GABOR CSUPO Liquid Fire (Tone Casualties)
Gabor Csupo - Hungarian, and friend of the late Frank Zappa - has a day job that, as co-owner of an animation studio, has involved him with such pinnacles of the modern comedy experience as "Duckman", "The Simpsons" and "Stressed Eric". In his spare time he makes leftfield experimental electronic music, released through his own Tone Casualties label. "Liquid Fire" is a sprawling double CD that clocks in at over two hours, spiced with such delights as samples from Japanese porn videos, choirs, poetry and recitations from the works of one of my favourite authors, cranky old Charles Bukowski. There's also a suggested listening list of artists Csupo has found inspirational, which demonstrates a pleasingly high correlation with what's on my record shelves, for example Aphex Twin, Miles Davis, Captain Beefheart, Talk Talk and Roxy Music.

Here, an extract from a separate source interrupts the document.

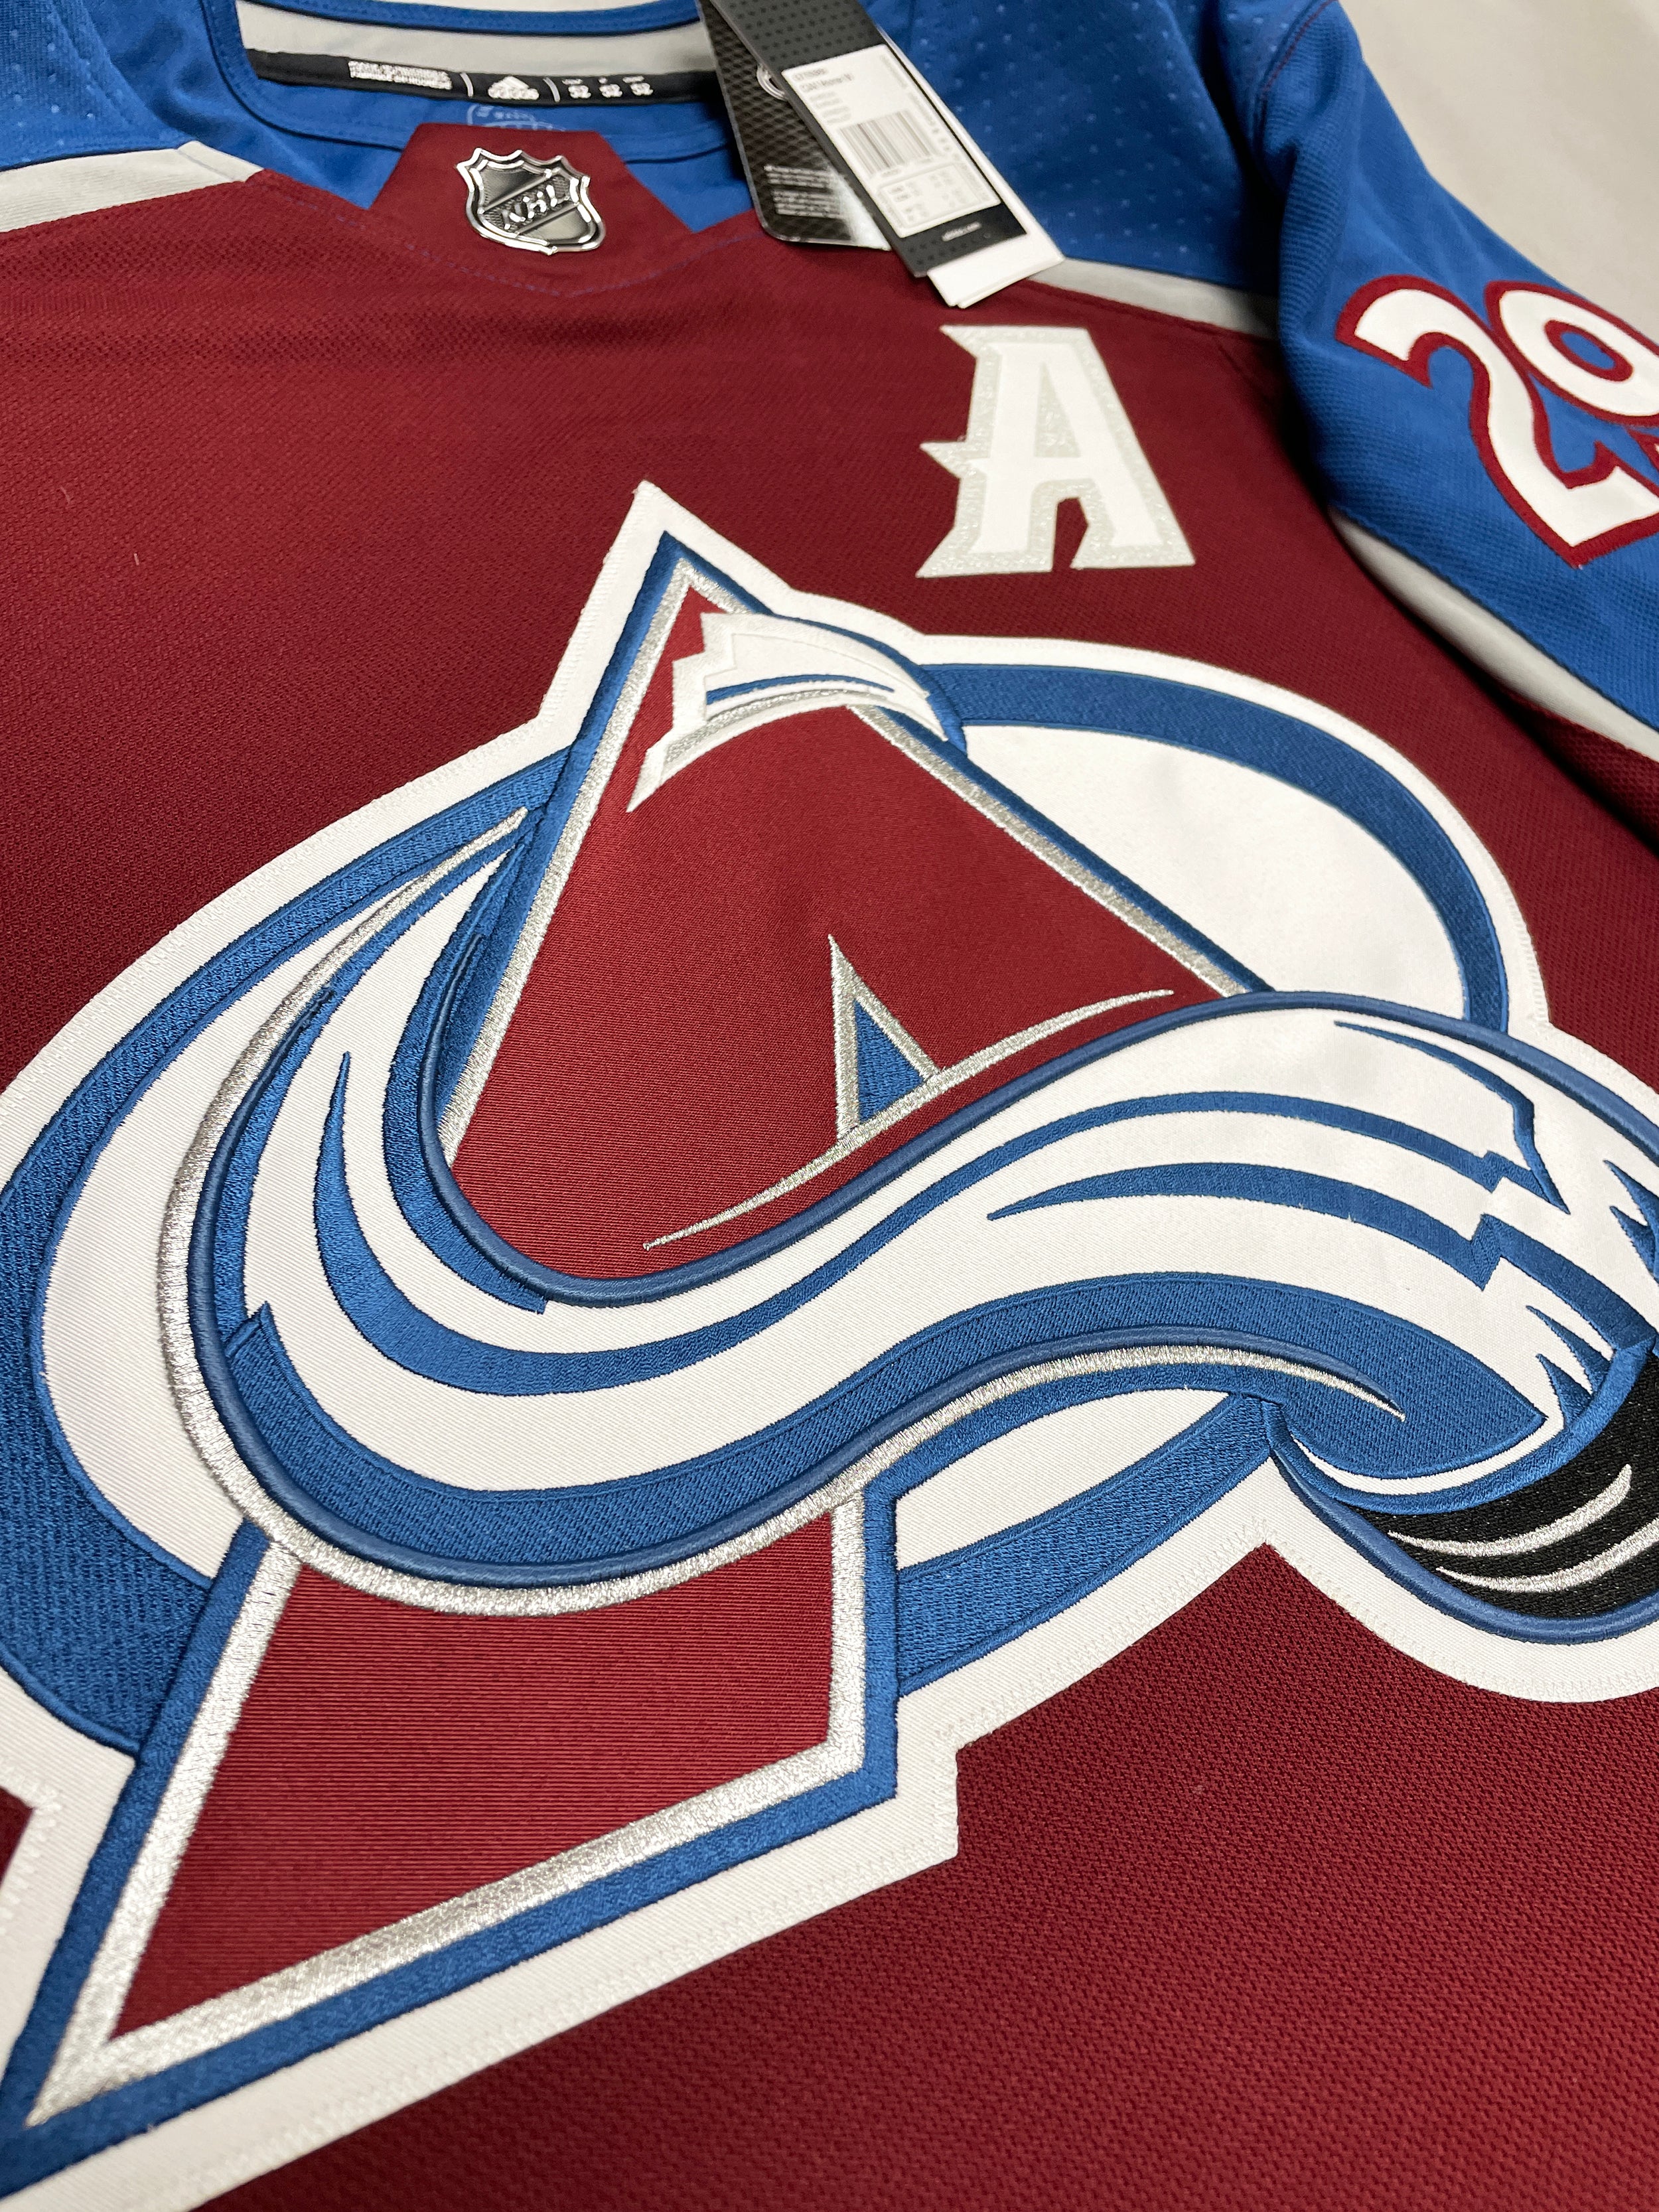 Colorado Avalanche Jerseys, Avalanche Hockey Jerseys, Authentic Avalanche  Jersey, Colorado Avalanche Primegreen Jerseys
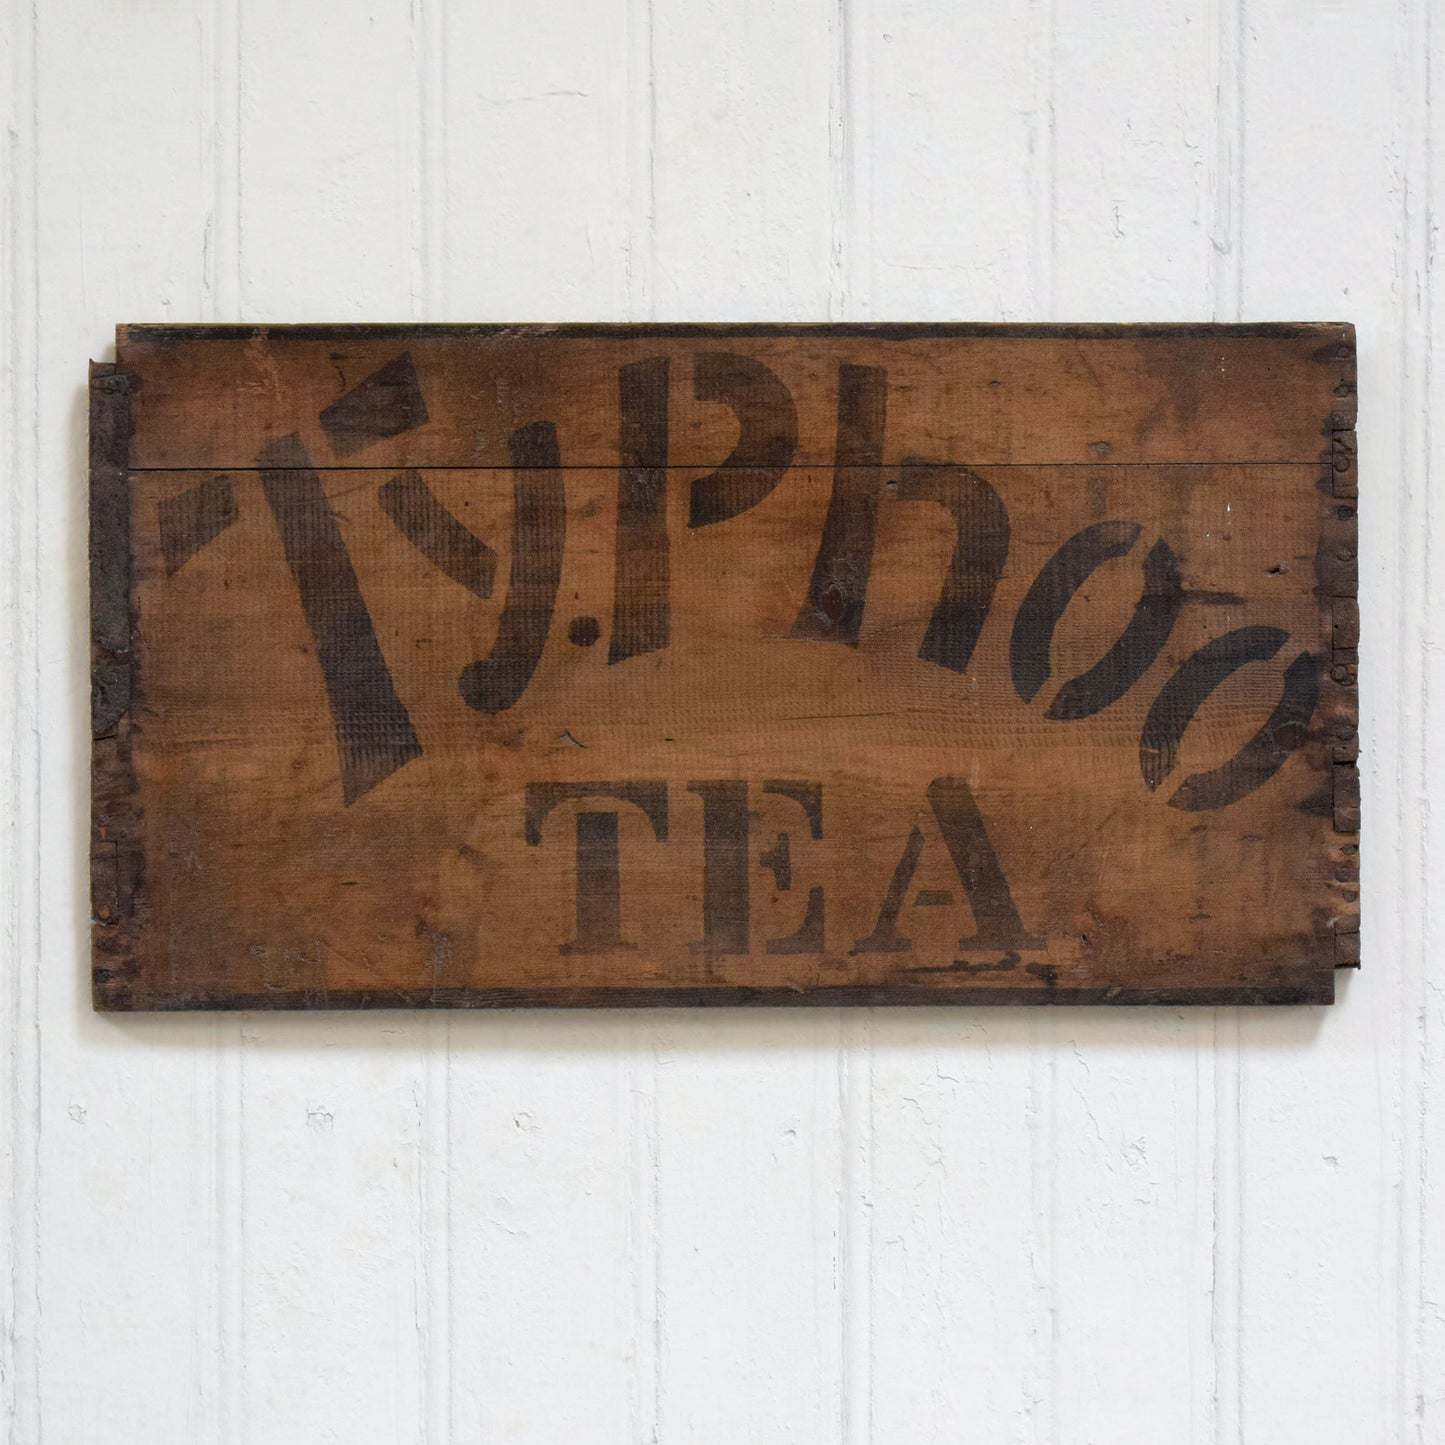 Vintage Typhoo Tea Box Panel Advertising Sign

Which is all good stuff. But despite these tantalising ingredients "Liquid Fire" just doesn't add up to ice cream. For all its experimental freestyle burbling, its sheer restlessness counts against it. With 35 tracks present, ideas are presented and swiftly discarded, without being given time to grow and develop, or even lodge in the listener's consciousness. Added to which much of Csupo's supposed innovation has been road-tested more rigorously elsewhere. The three "Hungarian Dances" assault and batter 18th and 19th century compositions by Nagyszombat and Pozsony with modern technology: a fine idea, but one already exercised by Aphex Twin, Clubbed To Death and William Orbit. The Bukowski recitations that prop up "Swallowing Flowers" and "Chromo - Zone" are fine as far as they go, although Bruce Wagner's voice seems a little too smooth for the raw material, but that's nowhere near as far as William Burroughs cackling his way corrosively through Material's "Words Of Advice". Ultimately, "Liquid Fire" is a calling-card catalogue of bright ideas looking for a home, which scarcely makes for a coherent long-playing listening experience.